Musique

La première édition du festival de musique électronique version alpine bat actuellement son plein à l’Alpe d’Huez.


L’Alpe d’Huez a pris des airs de festival cette semaine. Quelque 25.000 fanas de musique électronique venus des quatre coins du monde ont envahi la station française pour participer à la première édition du Tomorrowland Winter, réplique plus petite et en montagne du rendez-vous organisé chaque année à Boom.

Malgré des airs paisibles en journée et même le soir en dehors de son centre, la station alpine vit quatre jours durant au rythme des beats des meilleurs DJ’s de la planète. Sur les abords des pistes en journée et en plein cœur de la station le soir venu. 

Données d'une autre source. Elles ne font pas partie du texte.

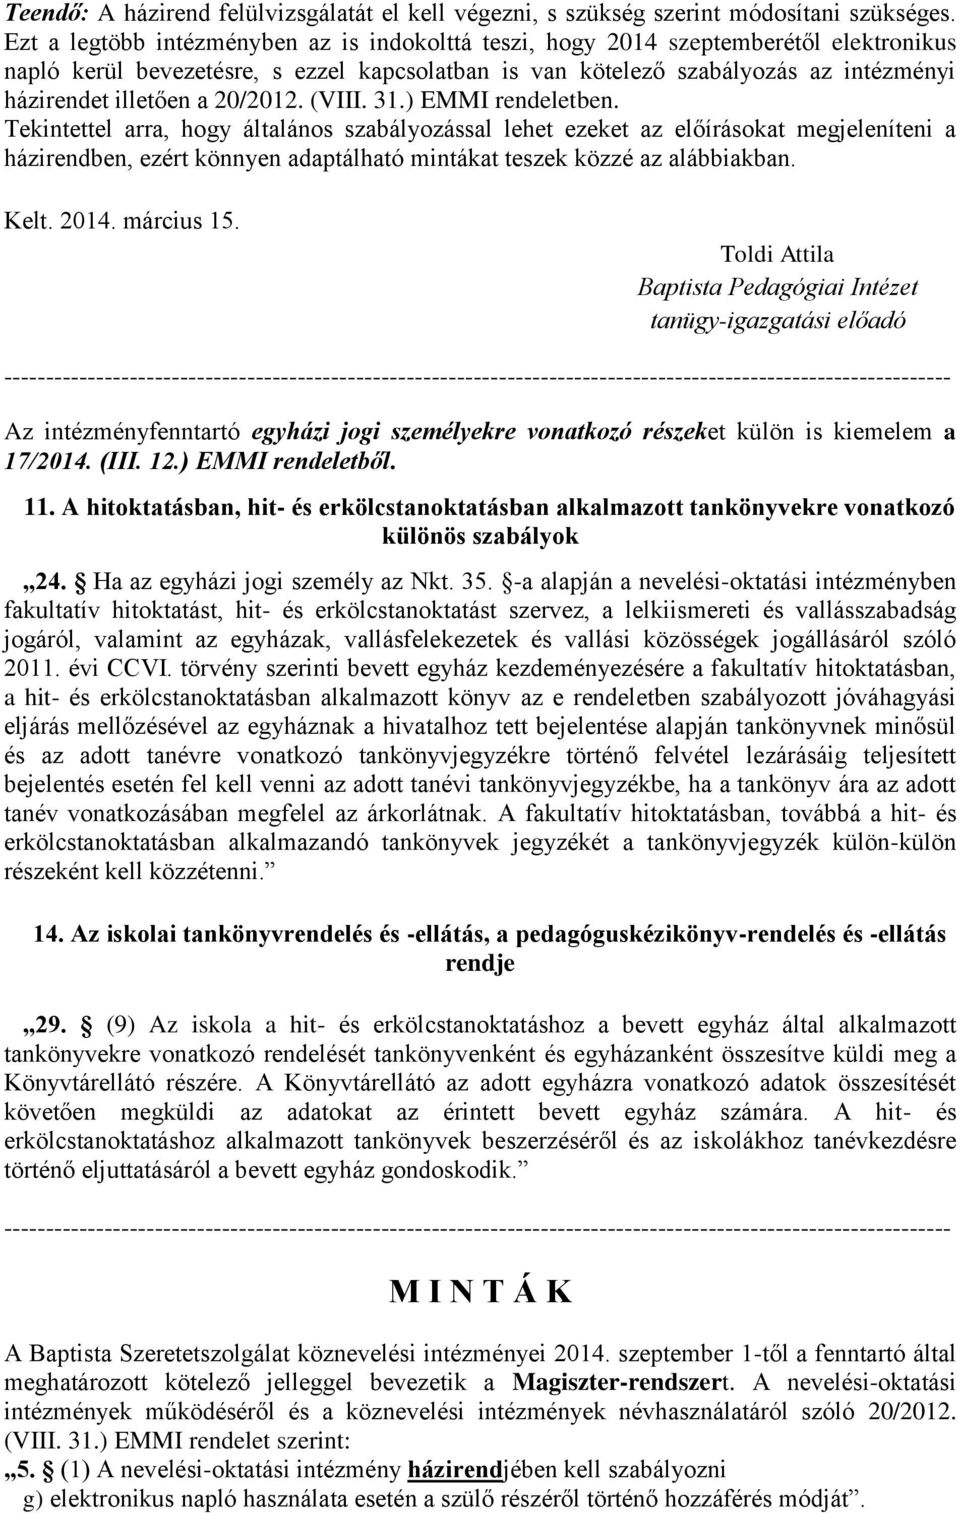 20/2012. (VIII. 31.) EMMI rendeletben.

«Lors d’une semaine de vacances scolaires, la station peut accueillir jusqu’à 27.000 personnes », indique un marchand de skis local manifestement séduit par la venue du festival made in Belgium à l’Alpe d’Huez. «Autant dire qu’on affiche presque complet. Le début de semaine fut plus calme mais ça se remplit petit à petit avec l’ouverture officielle qui était programmée ce mercredi. »

© Tomorrowland

Tous ne partagent pas cet enthousiasme. Il y a ces nombreux tracas de circulation au cœur d’une station coupée en deux par le centre névralgique du festival, aboutissement de longues semaines nécessaires à l’installation des différentes scènes. Il y a aussi certains locaux qui ne voient pas tout cela d’un bon oeil. «Tous ces jeunes qui montent avec leurs skis et une bouteille d’alcool à la main… » soupirent-ils.



"On pense déjà à revenir"

L’alcool coule à flots, c’est sûr. Il suffisait de voir la démarche des festivaliers, dont une bonne partie venus de Belgique, à la sortie du show d’un DJ Snake mercredi soir ne jurant que par sa France, quitte à entonner la Marseillaise en guise de clôture, pour s’en convaincre. Mais l’ambiance reste bon enfant. Tout comme les nombreux déguisements arborés par les participants. Le plus grand danger semble en fait venir des plaques de glace formées sous les pieds des participants.

Tomorrowland Winter, pour sa première, semble déjà avoir su convaincre son public, un peu plus âgé que dans sa version belge et qui vit donc de longues journées partagées entre glisse et musique. « On pense d’ailleurs déjà à revenir l’année prochaine », nous glisse un couple de Bruxellois arrivé en début de semaine.

Au cœur d’une montagne en mal de neige, la production a surtout réussi à faire fort en terme de mise en scène, reproduisant à l’Alpe d’Huez son savoir-faire accumulé en Belgique depuis de longues années. Ce qui offre, une fois la nuit tombée, un show qui vaut à lui seul le détour.